··· GIVEN MATERIAL ···

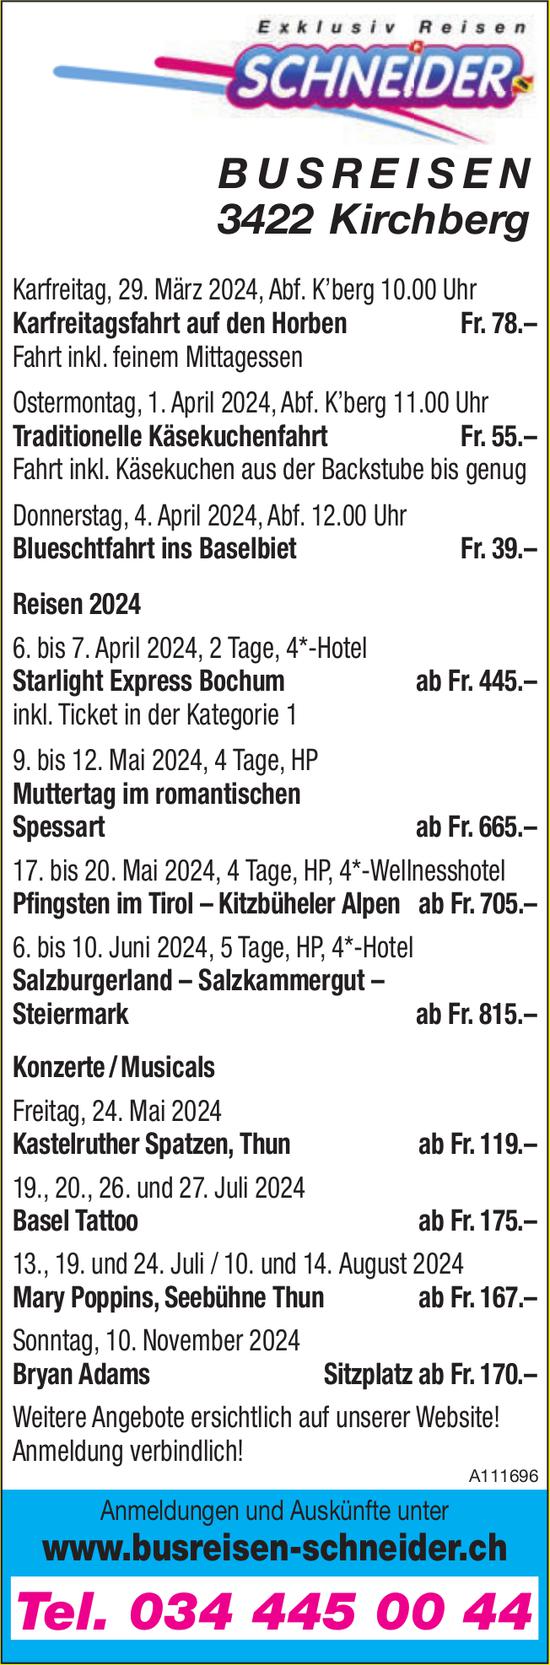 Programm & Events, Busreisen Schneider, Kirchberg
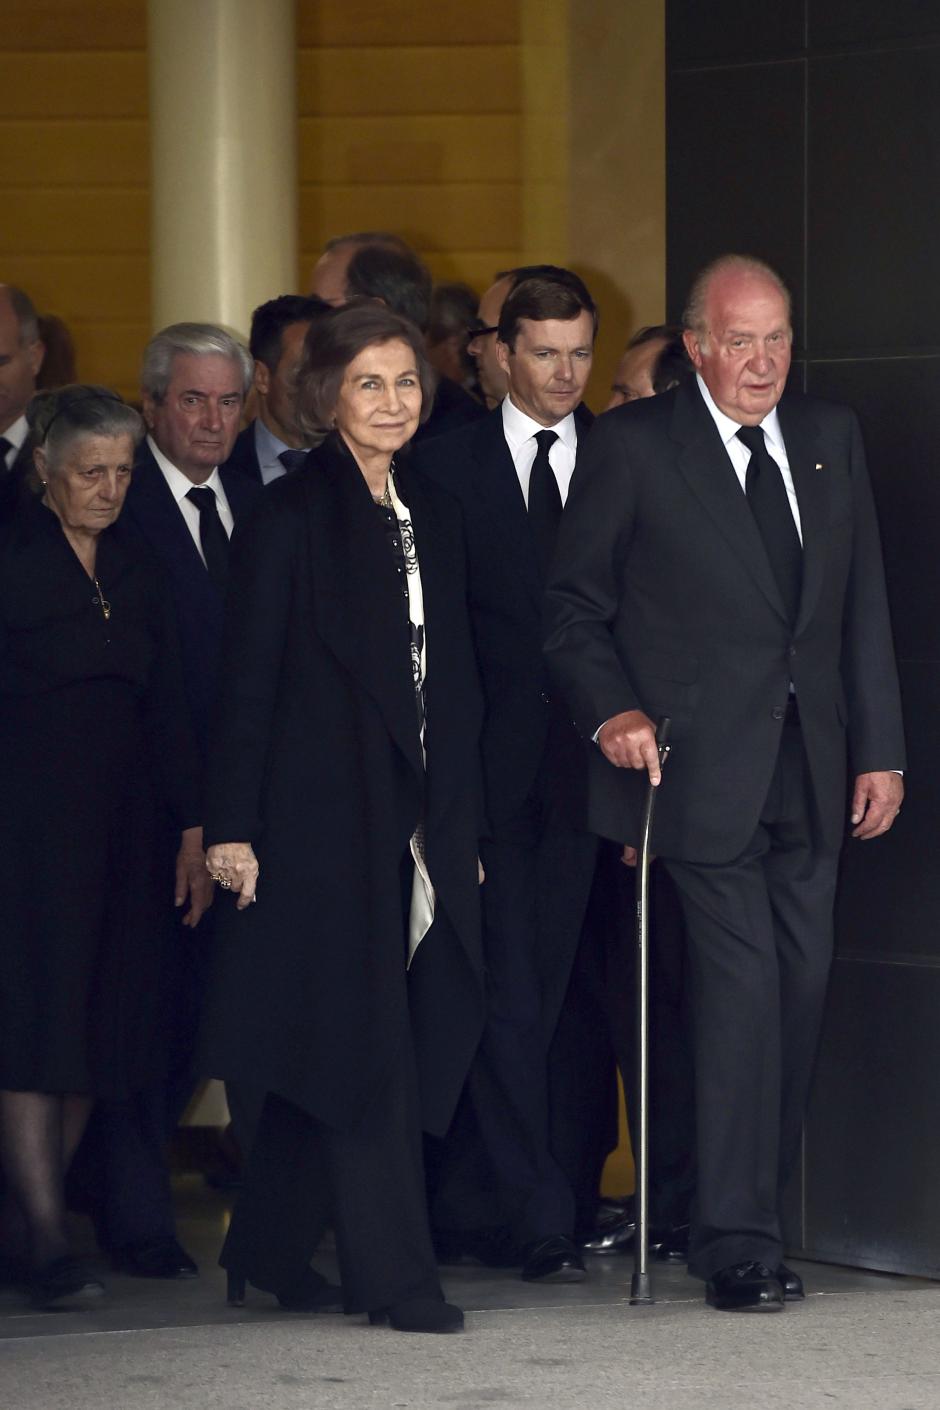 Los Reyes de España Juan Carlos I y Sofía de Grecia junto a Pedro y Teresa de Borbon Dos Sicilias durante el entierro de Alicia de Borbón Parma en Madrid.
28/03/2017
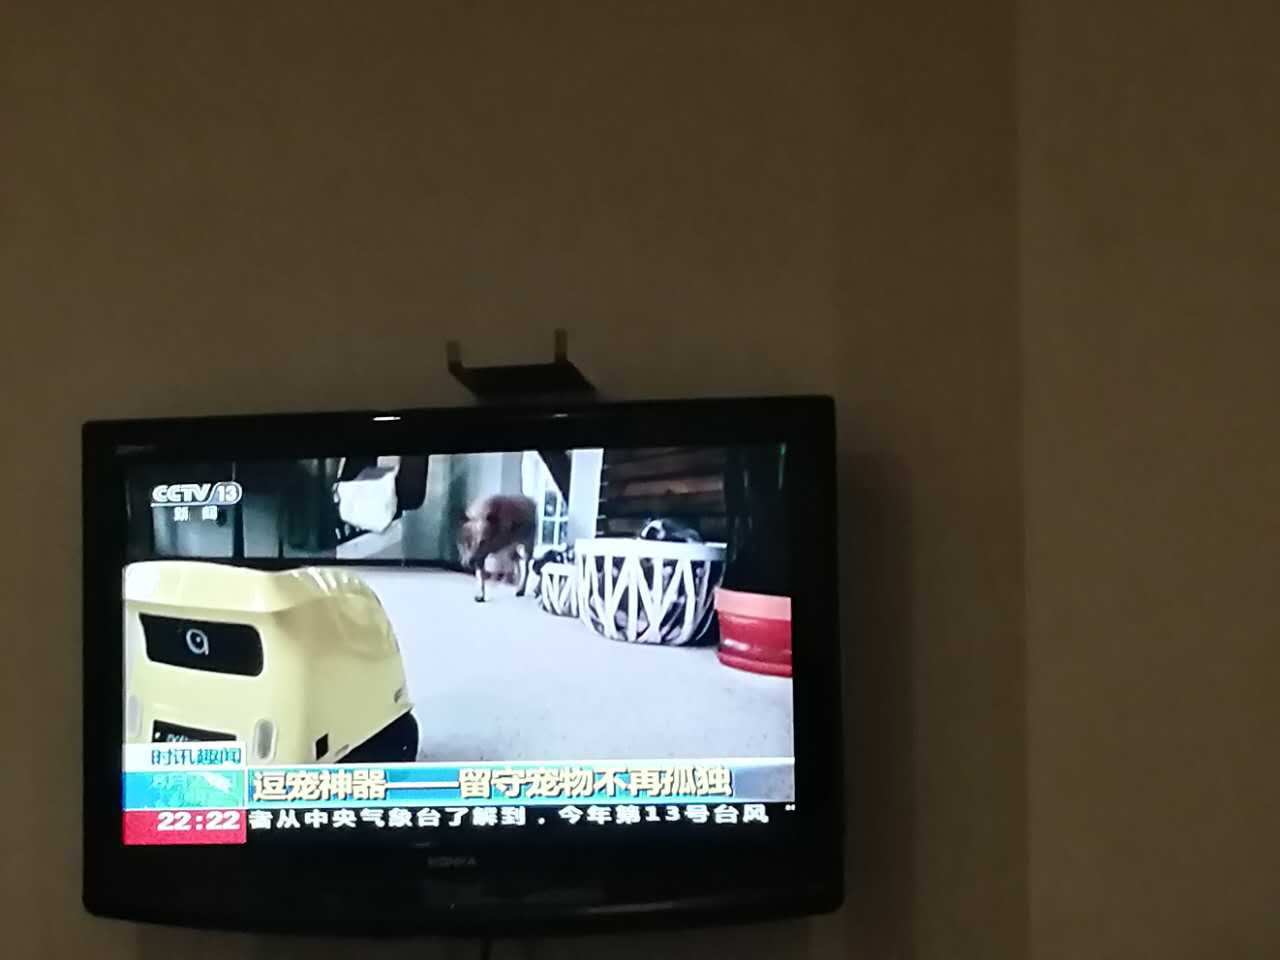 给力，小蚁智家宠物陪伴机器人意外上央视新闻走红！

···

__WORK TO BE COMPLETED__.
All of the listing is to be written out exactly, with the pictures left out.

__ANSWER AREA__.
 Programm & Events, Busreisen Schneider, Kirchberg
 Los Reyes de España Juan Carlos I y Sofía de Grecia junto a Pedro y Teresa de Borbon Dos Sicilias durante el entierro de Alicia de Borbón Parma en Madrid.
28/03/2017
 给力，小蚁智家宠物陪伴机器人意外上央视新闻走红！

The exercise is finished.